Знаете, я всю свою жизнь почему-то верю, что если б у неё хватило всё-таки сил на последнего, тысячного, журавлика, она бы выздоровела. Я просто убеждён в этом. Что, в конце концов, знают об истинном положении дел нынешние врачи? Да ничего, в сущности, как и многие другие профессионалы (лучшие из них, кстати, знают, что ничего не знают. И только бездарность вечно стоит на своём, не понимая при этом, что у бездарности вообще нет ничего своего, ибо не счёл нужным Господь одарить их))).

Именно эту легенду «О тысяче бумажных журавликов» я и помнил и помню всегда, когда слал свой роман «Я-1» сотням прекрасных девок в города, где я никогда не бывал (начиная свои письма к каждой из них с неизменного «Здравствуй, Красивая Девочка!»); когда в течение многих и многих лет изо дня в день работаю над своей музыкой или литературой. Помнил я об этом и когда в последний, четвёртый, раз в своей жизни разносил «Новые Праздники» по лэйблам и радиостанциям. Да, конечно, безрезультатно. Да, я знал, что скорее всего ничего не выйдет, но так же знал я и то, что делать я это обязан.

Моя жизнь всегда представлялась мне цепью последовательных испытаний, которым подвергает меня Господь Бог для того, чтоб в конце концов (как, впрочем, и в Конце Времён))) дать мне Ключи от этого никчёмного мира, а заодно и от Своего Сердца.
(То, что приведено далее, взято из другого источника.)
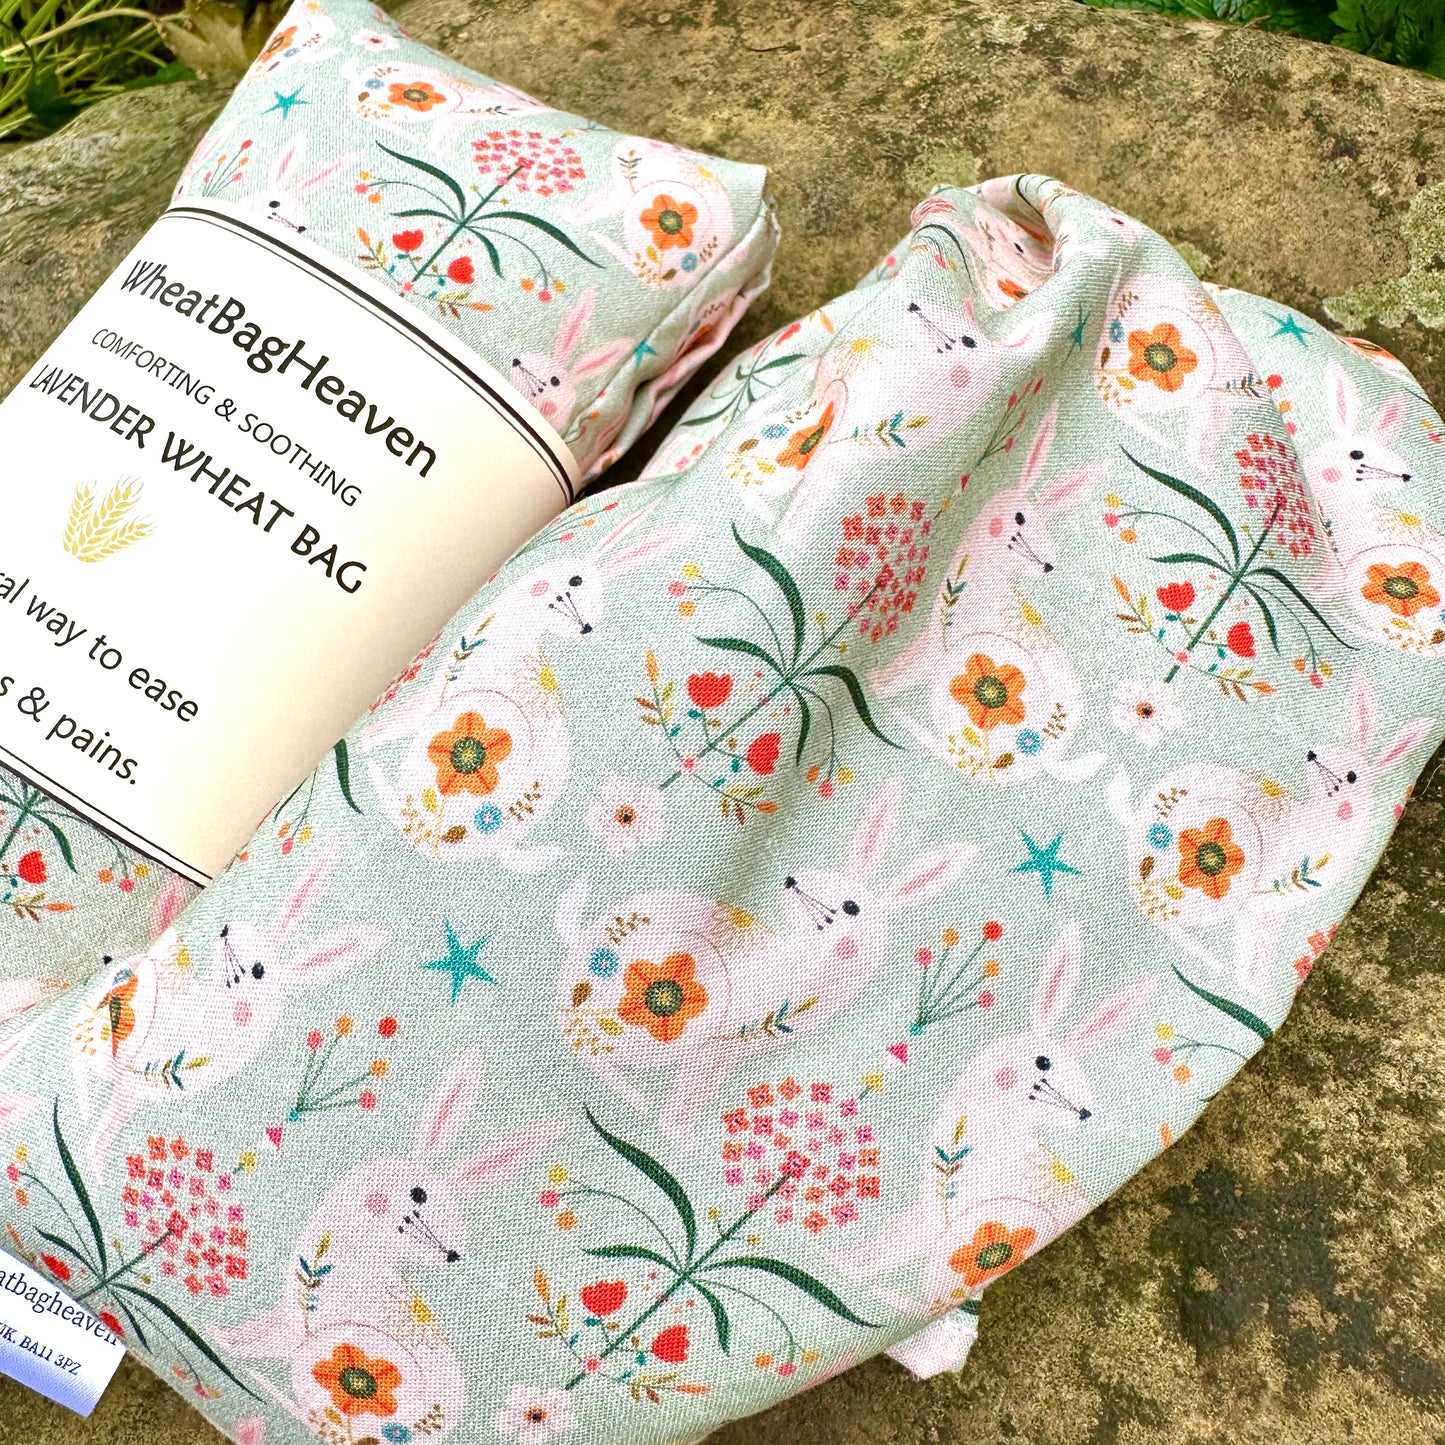 Bunny children’s heat pad. Lavender scented, long cotton wheat bag, snuggles, sleep and wellness gift

Моё четырёхкратное хождение по лэйблам и радиостанциям было заранее запланированным и неподлежащим обсуждению испытанием, суть коего состояла в том, чтобы я просто всё равно делал это, несмотря на внешнее отсутствие результата. Бог (то есть, на самом деле, я сам) делал это со мной (то есть, я делал это с собой) для того, чтоб научить меня/себя двум элементарным вещам, что в начале времён умели все люди: во-первых, делать то, что ты должен делать, вне зависимости от внешнего результата, а во-вторых, понять наконец, что результата Внешнего не может быть вообще; что само по себе словосочетание «внешний результат», равно как и «результат очевидный», сами по себе являются абсурдом и оксюмороном. Всё, что ты должен делать в жизни – это делать то, что ты ДОЛЖЕН делать – вот, собственно, и всё.

Да, рассуждать можно о чём угодно и сколь угодно долго, но… право на рассуждения надо ещё заработать. Сначала ты делаешь то, что должен, а потом уже рассуждаешь, должен ли был или нет, ибо иначе ты – просто пустобрёх, или, в лучшем случае, забавный щенок, но уж никак не Мастер.
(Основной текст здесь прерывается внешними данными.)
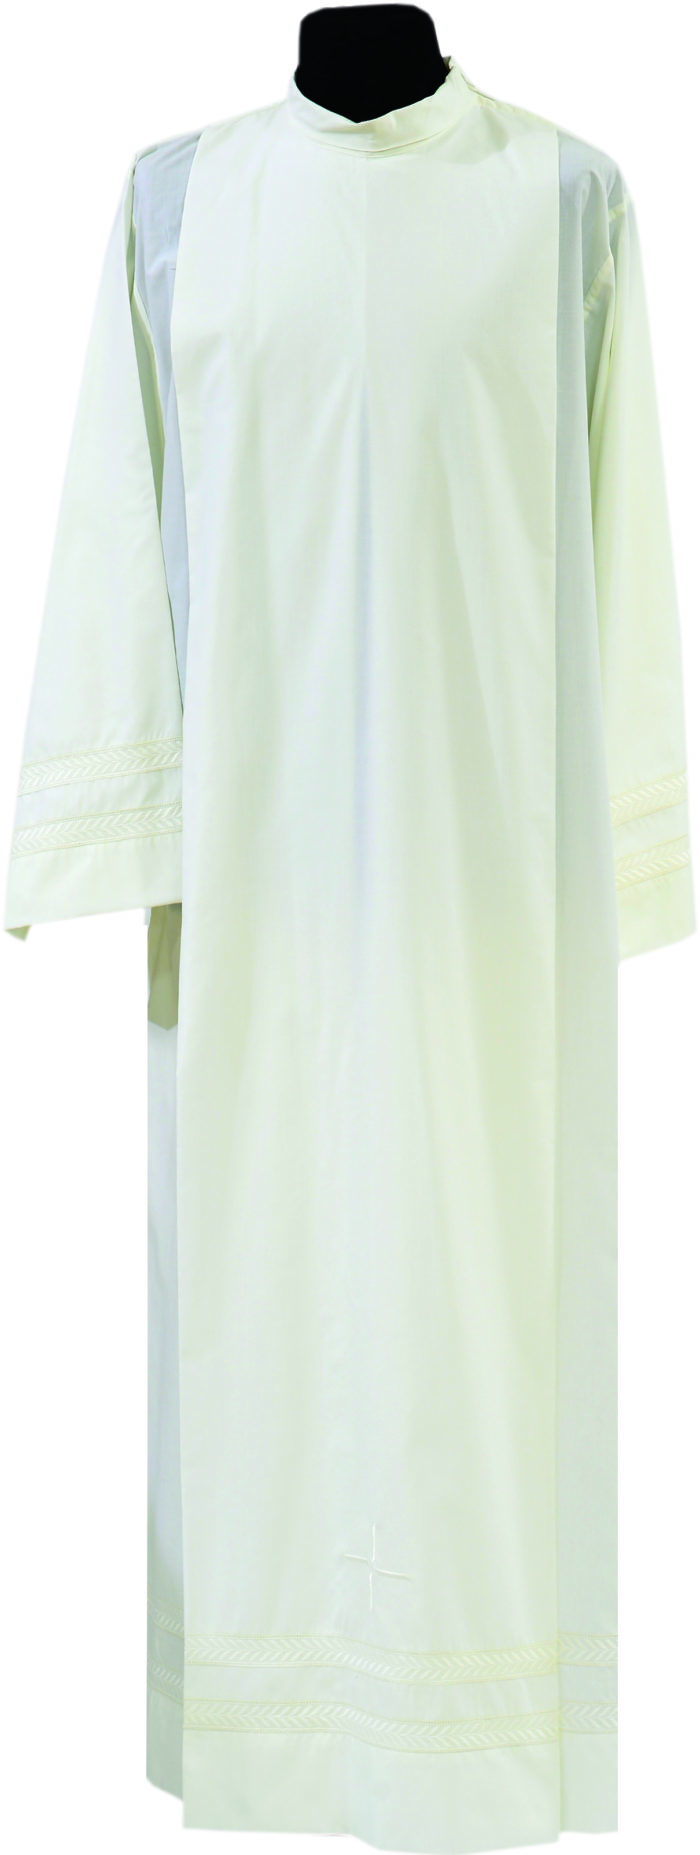 Maranatha Lab "Corner" gown in cotton blend fabric decorated with two rows of embroidery and cruciform symbol.

В конце концов, в ходе своих забот о трудоустройстве своего многострадального проекта я вспомнил, что был когда-то такой DJ по имени Андрей Панин, которому вроде бы искренне нравились «Новые Праздники» – и как музыкальный проект, и как роман, что для меня всегда было тоже немаловажным. И вот мой старый друг и некогда однокурсник Саша Левенко дал мне его новый телефон, и… я ему позвонил.

По-моему, Панин мне на самом деле обрадовался и в тот же вечер пригласил меня в гости. Но чем он тогда мог мне помочь? Да, в общем, ничем. Просто взял несколько дисков и пообещал поставить на своих сетах. Когда-то он не без успеха крутил время от времени «Метрополитен» в первичной версии и вроде как людям нравилось, в чём, конечно, в общем-то, опять же, ничего удивительного, пожалуй, и нет. Людям, в общем-то, опять же, и целом как правило нравится то, что я делаю. Как-то ощущается общим их большинством в том, что я делаю, какая-то, извиняюсь, глубина (смайлик уверенно и театрально пукает в лужу))) – только вот не всем вовремя удаётся послушать это. Ну да ладно, как говорится.
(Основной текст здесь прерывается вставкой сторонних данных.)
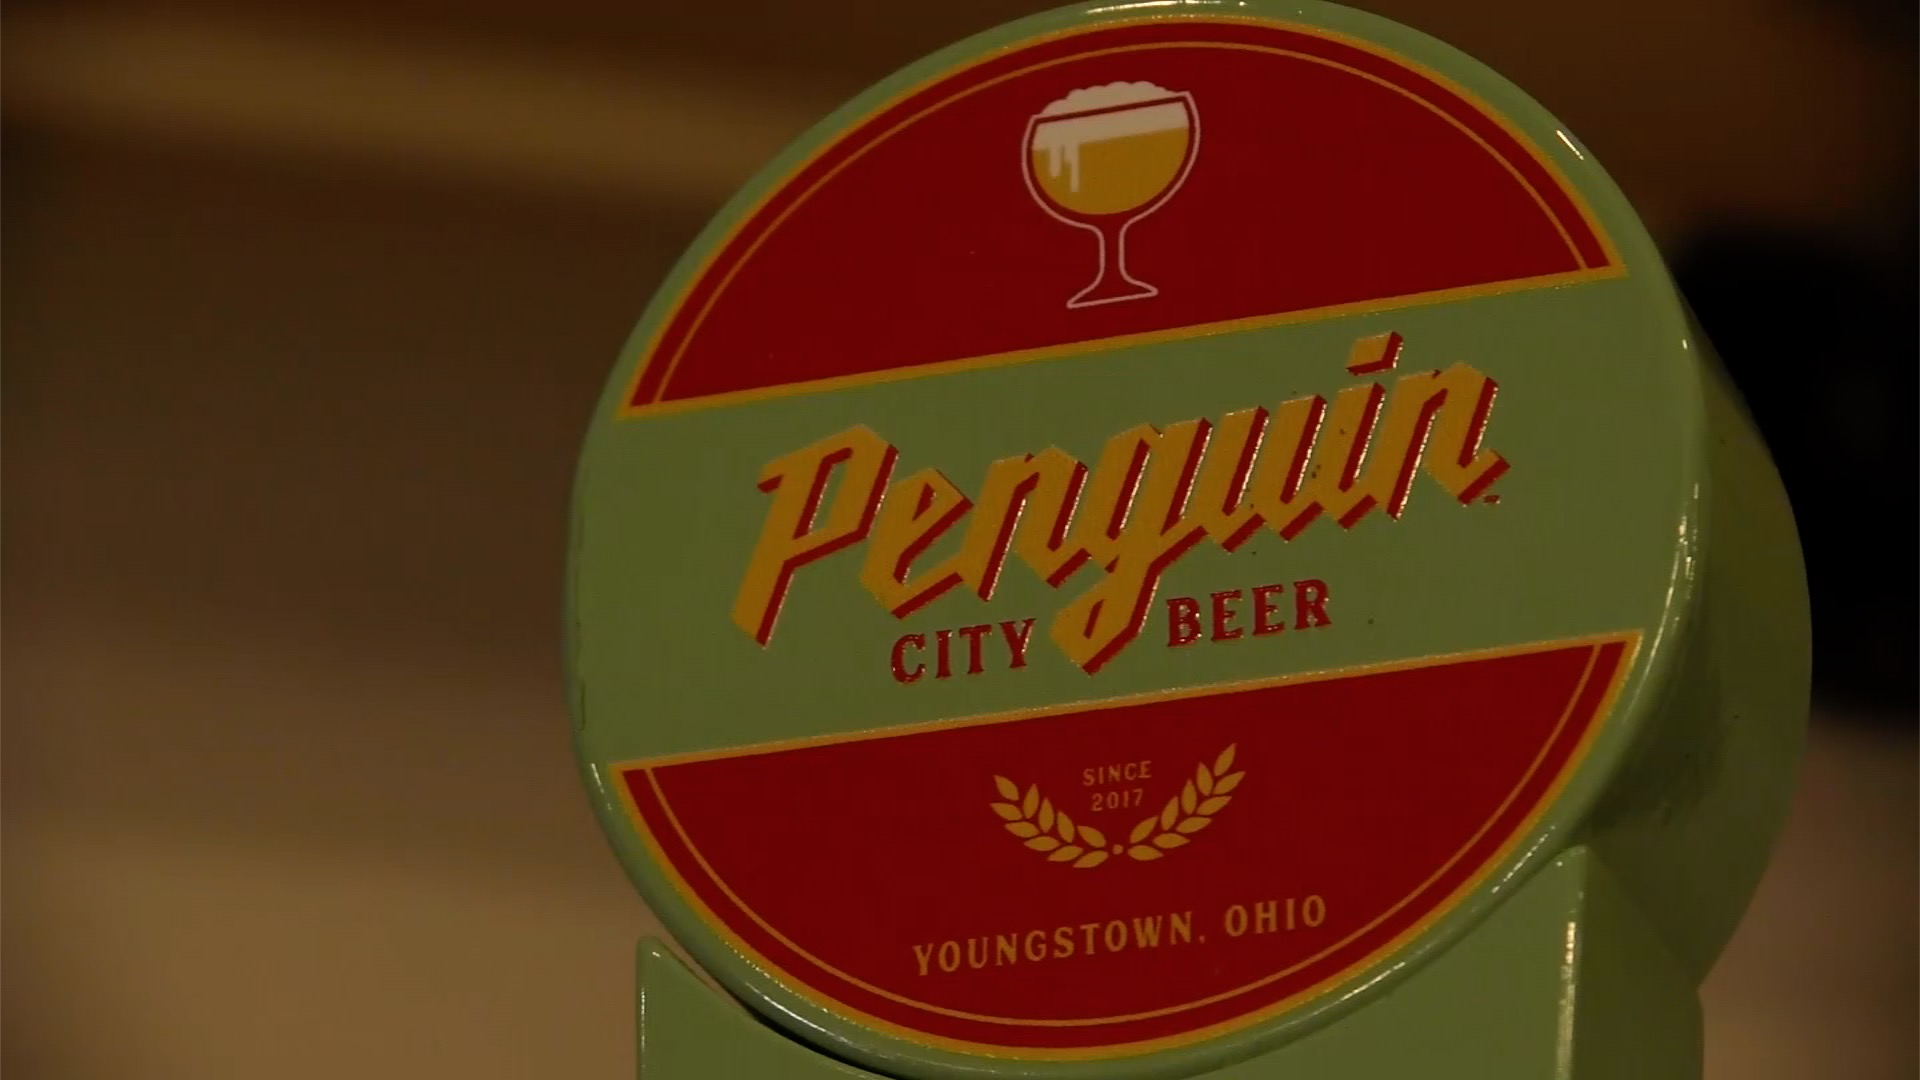 A Beer for Youngstown

Панин, вообще говоря, человек удивительный. Я, положа руку на сердце, совершенно не понимаю, как он живёт. Как ему удаётся это – так жить!

В среднем пару-тройку раз в неделю Панин летает то в один уголок бывшего СССР, то в другой, и везде он делает своё самое любимое дело в жизни: крутит «пластинки». Иногда, и даже часто, настоящие виниловые пластинки, но по нынешним временам, конечно, больше CD. В остальные дни он играет в Вавилоне, вследствие чего домой он попадает в среднем не раньше 6-ти утра. Но нет, он долго ещё не ложится. Он начинает обзванивать европейские центры, распространяющие новинки мировой музыки, то есть не то говно, что в приказном порядке впаривают на MTV, а именно музыку, хоть и тоже, в принципе, танцевальную. Его телефон подключён к колонкам, потому что он не просто разговаривает с представителями этих центров, а именно отслушивает то новое, что у них появилось, в режиме «банальной международной» телефонной связи, чтобы к концу разговора сделать крупный заказ. Вся эта кипучая деятельность осуществляется им при принципиальном отсутствии мобильного телефона. Просыпается Панин далеко после полудня, и начинает свой день с принятия ванны…))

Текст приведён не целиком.